0
votes

I wanna calculate a window based average (or any other function defined by me) in Flink with a stream based on historical events, so the stream has to be Event-Times (not processing time based):

val env: StreamExecutionEnvironment = StreamExecutionEnvironment.getExecutionEnvironment
env.setStreamTimeCharacteristic(TimeCharacteristic.EventTime)

I have found out how to add the timestamp at the ingestion:

ctx.collectWithTimestamp(Datapoint(instrument, bid, ask), time.getMillis)

But when I do the calculation (an apply function) it does not work when I just do it in the same way as I did without EventTime. I have read something about a Watermark which I have to set:

val avg = stream
  .keyBy("instrument")
  .timeWindow(Time.seconds(10))
  .apply((key: Tuple, window: TimeWindow, values: Iterable[Datapoint], out: Collector[Datapoint])=>{
    val avg = values.map(_.val).sum / values.size
    val dp = Datapoint(key.getField[String](0), avg)
    out.collect(dp)
  })

avg.print()
env.execute()

Has someone a simple Scala example for that?

Regards,
Andreas

1

1 Answers

0
votes

A watermark is an effectively a timestamp with an assertion that all events with earlier timestamps have (probably) already arrived. Windows based on event time depend on watermarks to know when a window is complete. By far the most common watermarking strategy is to assume that events arrive with some bounded delay.

If you want to emit watermarks in the data source (during ingestion), see Source Functions with Timestamps and Watermarks, but it would be as simple as

ctx.emitWatermark(new Watermark(datapoint.getWatermarkTime))

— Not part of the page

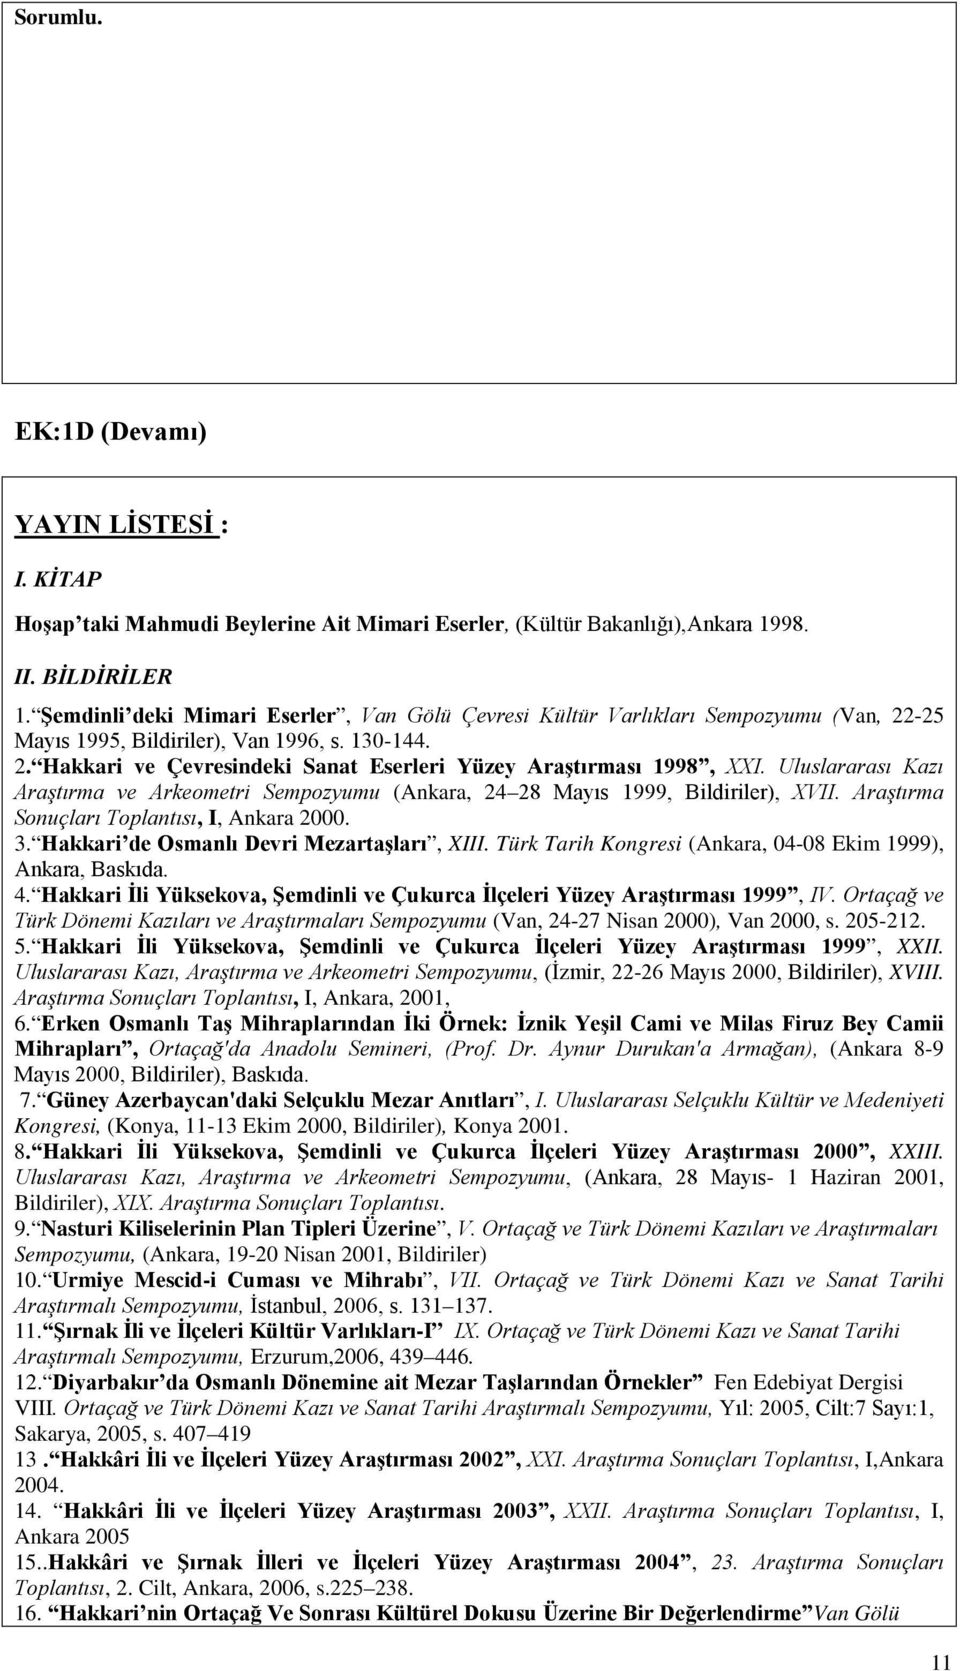 Uluslararası Kazı Araştırma ve Arkeometri Sempozyumu (Ankara, 24 28 Mayıs 1999, Bildiriler), XVII. Araştırma Sonuçları Toplantısı, I, Ankara 2000. 3. Hakkari de Osmanlı Devri Mezartaşları, XIII.

If, on the other hand, you want to deal with this outside the source, see Timestamp Assigners / Watermark Generators and Assigners allowing a fixed amount of lateness. You could simply do something like this:

stream
  .assignTimestampsAndWatermarks(new BoundedOutOfOrdernessTimestampExtractor[Datapoint](Time.seconds(10))( _.getTimestamp ))
  .keyBy("instrument")
  ...

The documentation I've linked to has more detailed examples in Scala.